For her first major solo show in the UK, Mary Corse presents new and historically significant work at her inaugural exhibition at Lisson Gallery, London. Based in Los Angeles, Corse has built a practice that occupies an independent space at the intersection of minimalist painting, Abstract Expressionism and scientific inquiry. Obsessively engaging with light and perception, Corse’s paintings embody rather than merely represent light, experimenting with the concept of subjective experience in new and innovative ways. From lightboxes to painting embedded with materials that refract light, Corse combines a philosophical quest for the portrayal of the infinite with a highly skilled methodical and scientific rigour. The exhibition at Lisson Gallery London coincides with two major presentations of the artist’s work in the United States: Corse’s first solo museum survey this June at the Whitney Museum of American Art, and a long-term installation at Dia:Beacon with recently acquired works, opening in May.

Lisson Gallery’s exhibition will feature ten works, including seven new works created specifically for the show. The presentation will include a selection from Corse's White Black White and White Inner Band painting series, alongside a new lightbox - with works spanning from 2003 to 2018.

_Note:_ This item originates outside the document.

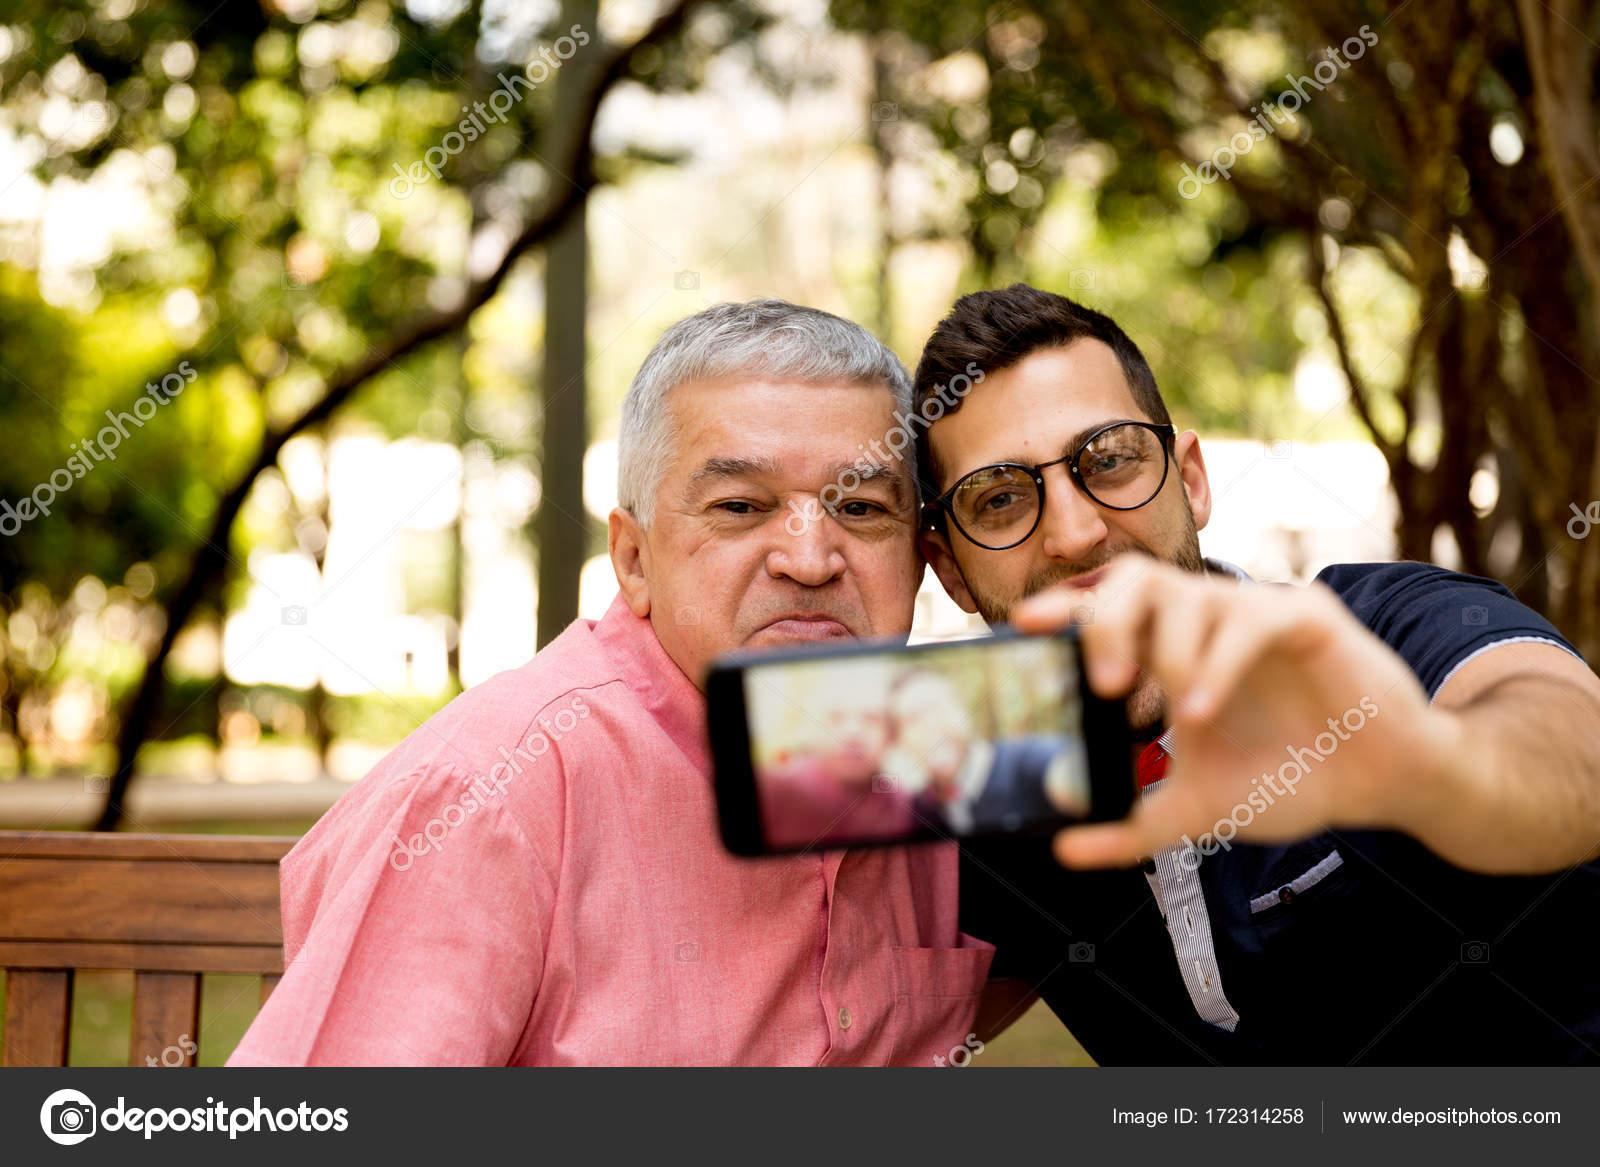 Padre E Hijo Tomando Selfie Y

First gaining recognition in the mid-1960s, Corse is widely recognised for her innovative painting technique using materials which both capture and refract light. In 1968, she developed her 'Electric Light' series, for which she enrolled in a quantum physics course to allow her to secure the parts, engineer her own work, and experiment with wireless cording in order to “free the light painting from the wall”. It was this further education that led Corse to her theory that humans experience reality through an eternally subjective lens, maintaining that “there is nothing static in the universe”. Compelled to bring the subjective back into her work, Corse re-embraced the paintbrush and focused further on light, incorporating unconventional materials into her paintings to investigate the subtle differences in surface treatment. It is these materials – including the glass microspheres found in the reflective lines on motor highways – that allow her work their enigmatic and seductive quality, shifting before your eyes as you move around them.

Corse’s evolution as an artist has seen her refine and expand her practice, including the innovation of the ‘inner band’: a vertical stripe full of luminous, active brushstrokes that disappear into the surrounding field of the canvas from certain viewing angles. Realising that the inner band epitomised her career-long aim to demonstrate how dramatically perception affects our experience, she began a series of White Inner Band paintings in 1999. Since then, she has continued to hone her techniques, subtly evolve her core themes and resurrect materials from the preceding decades to captivating new ends.

The exhibition at Lisson Gallery will include Untitled (White Multiband, Vertical Strokes) (2003), incorporating glass microspheres in acrylic on canvas; multiple works from the innovative White Band series; and recent paintings from the Black Band series; alongside the lightbox Untitled (Electric Light) (1968/2017), composed of argon and Plexiglas.